Above you can see the varying acknowledgement flows, which account for:
X = 0
: Lowest latency option, that does not require the broker to acknowledge the receipt of the message. With this approach, there is no way to ensure that the message has been received or adequately replicated, therefore sacrificing the durability aspect of the data streaming pipeline.X = 1
: Only the leader needs to acknowledge the receipt of the message, this increases the latency, but ensuring that the message has been received by the broker. Since acknowledgement from the followers is not required, this approach cannot ensure that the required replication has been accomplished.X = All - 1
: This approach guarantees that the message is successfully written to a minimum number of in-sync replicas before an acknowledgement is sent to the producer. This is the higher durability option, but also the highest latency one too.
By default, brokers in Kafka are designed to accept incoming messages without requiring any validation, which can lead to data replication due to the above delivery guarantees. To prevent this, you can set enable.idempotence=true
, which ensures that messages are delivered exactly once, in the correct order, with almost no performance impact.
Reading Messages: Consumers and Offsets
Consumers are responsible for reading the data from the topics. They operate in consumer groups, and how these should be coordinated, will depend on your specific use case.
Consumer Groups and Assignment Strategies
A consumer group is a grouping of one or more consumers, working together, in order to process data for a topic. By default, Kafka will divide the partitions of a topic among the consumers in a group. If you have a topic with 4 partitions, and a consumer group with 4 consumers, each consumer will read messages from a single partition, ensuring that data across the partitions is processed in parallel.
The data inside the partitions themselves will be ordered, however, there is no guarantee that the messages will be consumed in any given order when using multiple partitions.
In Kafka, the broker acts as a group coordinator. If a consumer dies, the broker will detect this, and trigger a consumer rebalance, reassigning the partition to the remaining consumers in the group.

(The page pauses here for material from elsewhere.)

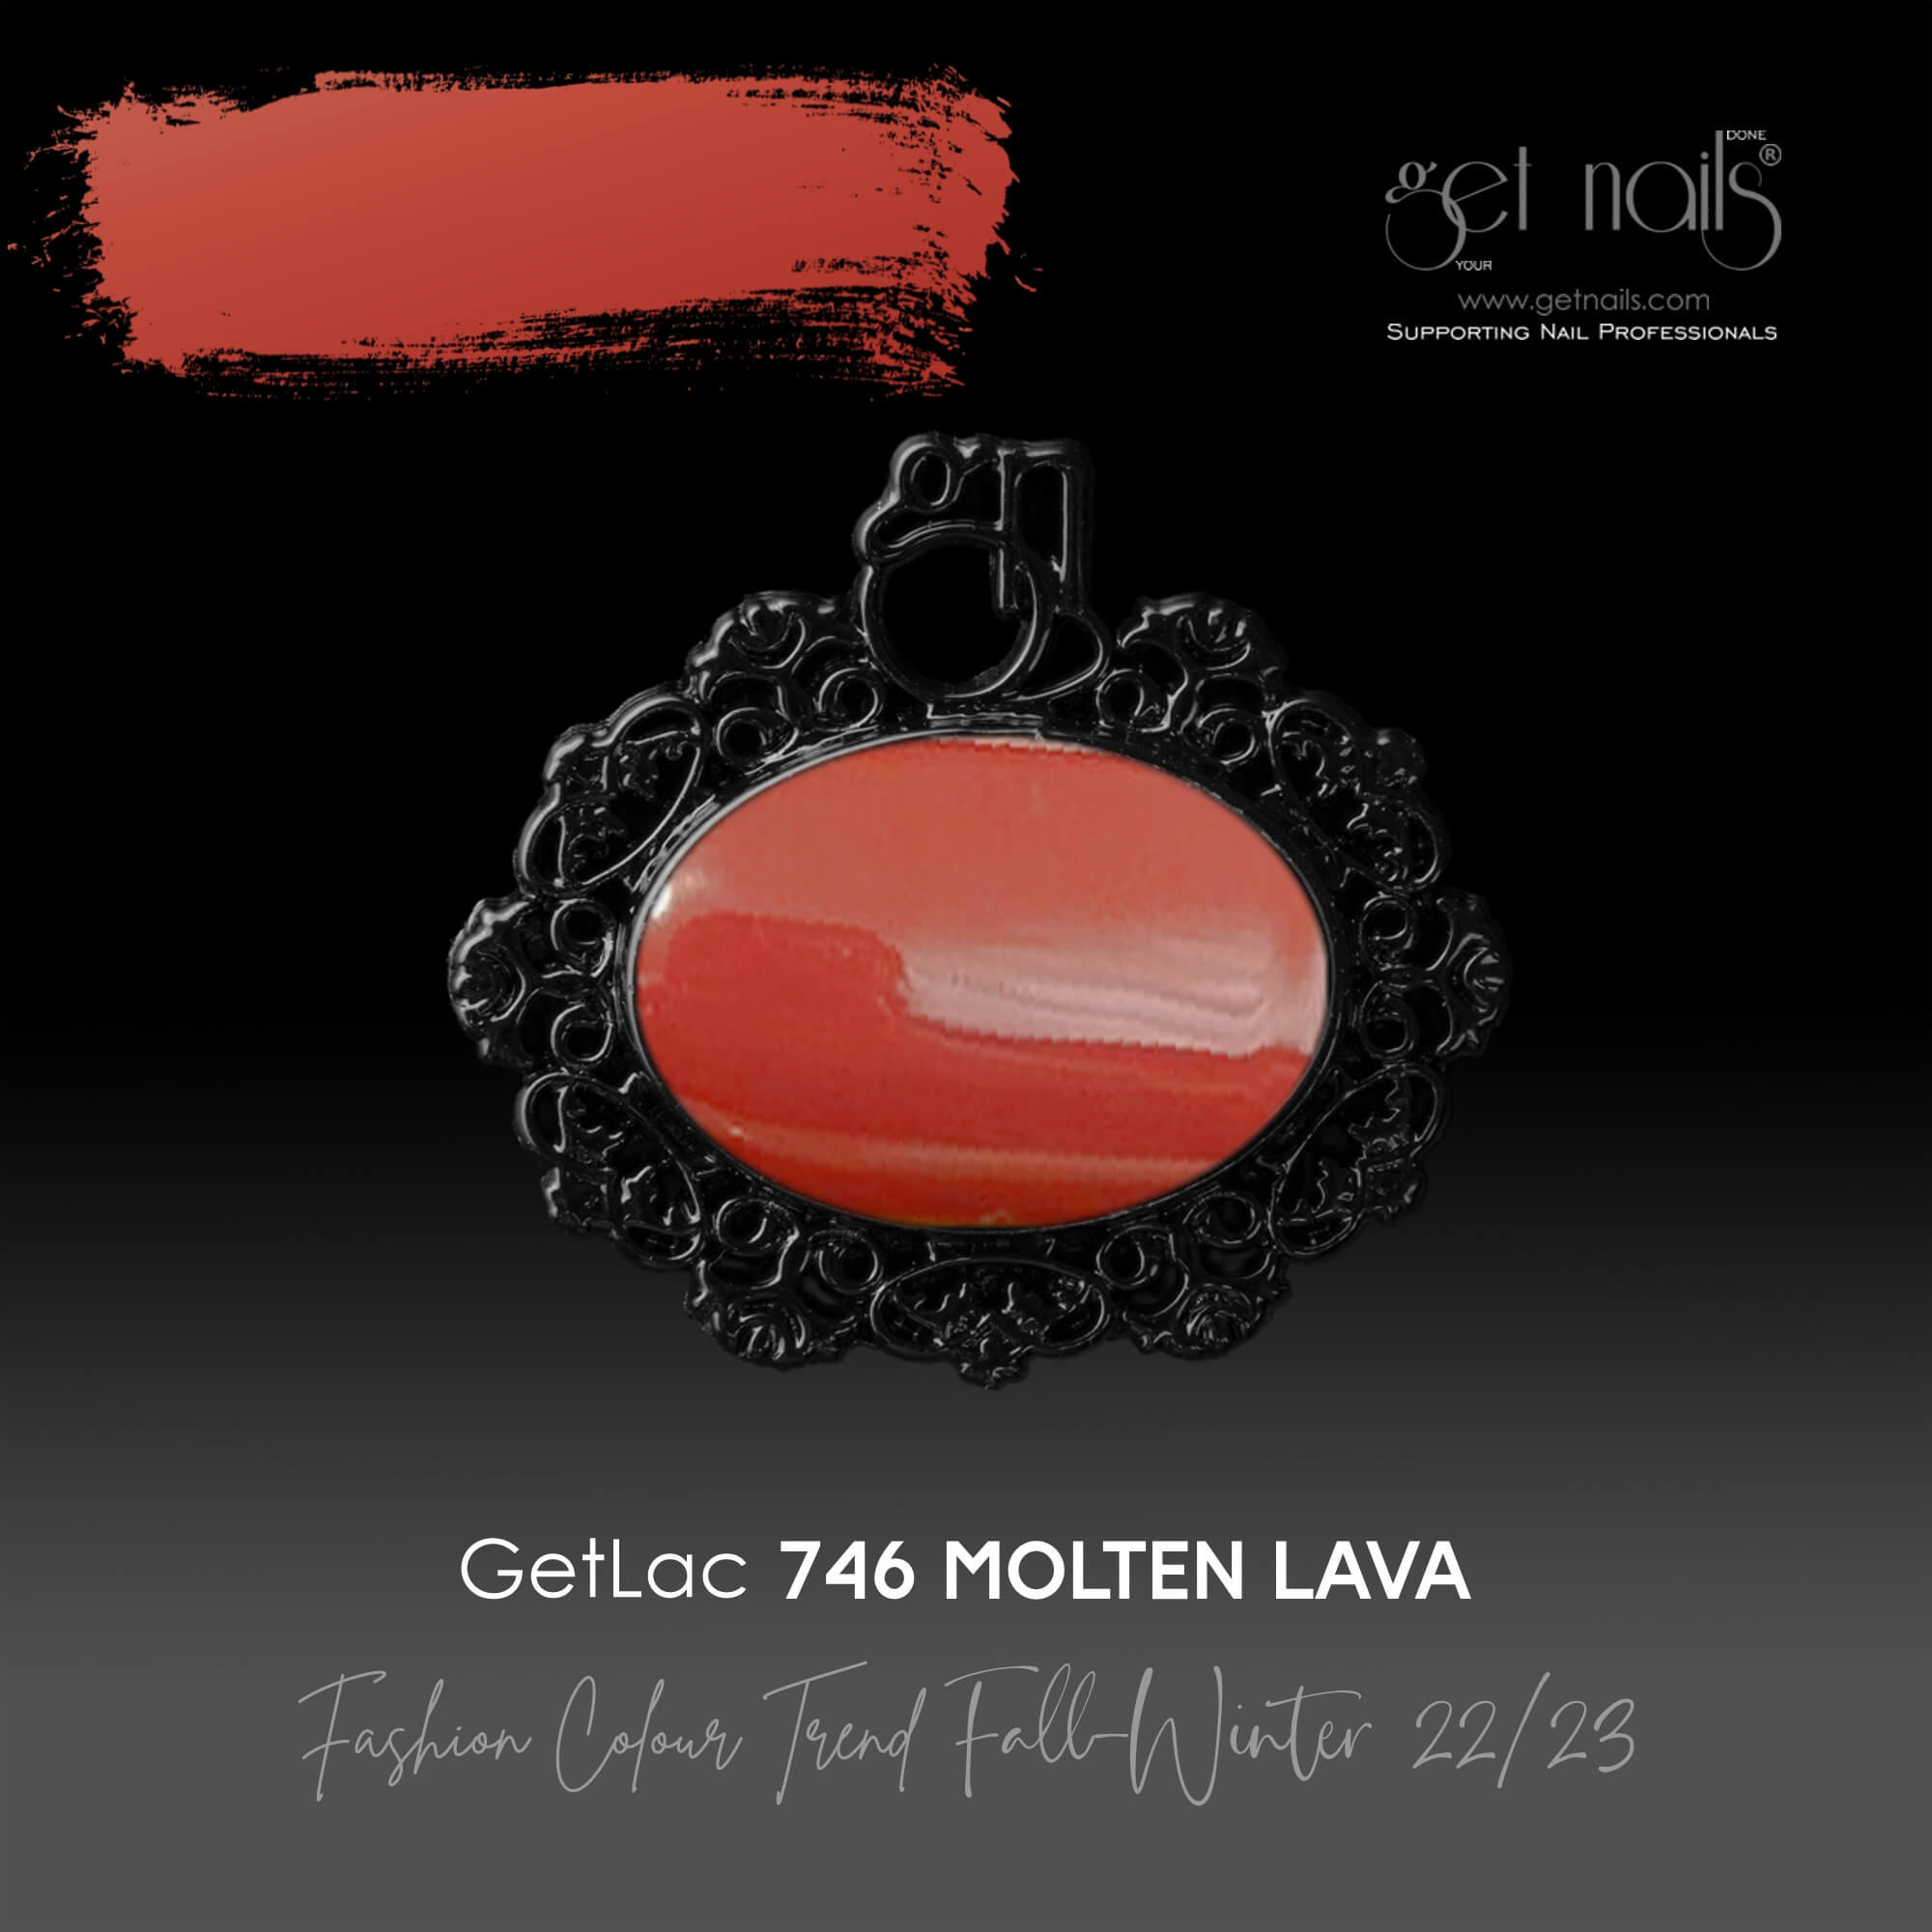 Get Nails Austria - GetLac 746 Molten Lava 15g

When creating a consumer, the rebalance can be configured through the use of a specific assignment strategy. Assignment strategies are methods in which the partitions are divided between the consumers, with different strategies leading to more efficient reassignments of consumers.
- Round Robin Assignor: assigns a partition to a consumer one by one. This is not very efficient as each partition will be reassigned.
- Sticky Assignor: When a rebalance takes place, it will attempt to changes as little as possible, moving only the partitions from the dead consumer. This is a more efficient approach.
- Static Assignment: Gives consumers an ID. If after 5 minutes, the consumer comes back on, use ID to reassign their assignments. Need to have assigned an identity for consumers, as well as increased session timeout.
- Cooperative Sticky Assignor: An improvement on the Sticky Assignor, that allows consumers to keep processing their data during a rebalance, minimizing any processing downtime, before redistributing those partitions.
Offsets: Bookmarking your progress
So how does a consumer know which messages it has already read? Each message in a partition, has a unique, sequential identifier, called an offset.
An offset is essentially a position within the partition, that determines which message is to be consumed next, acting as a bookmark for the partition.
By default, Kafka stores these offsets in an internal topic called __consumer_offset
, this being the most common and recommended approach, as it's managed by Kafka itself.
Putting It All Together
From producers ensuring data reliability, to consumer groups processing the messages in parallel, Kafka's architecture provides a powerful framework for building real-time data applications. Alongside these, the core concepts of topics, partitions, and offsets, build the foundations of a scalable, resilient and fast system.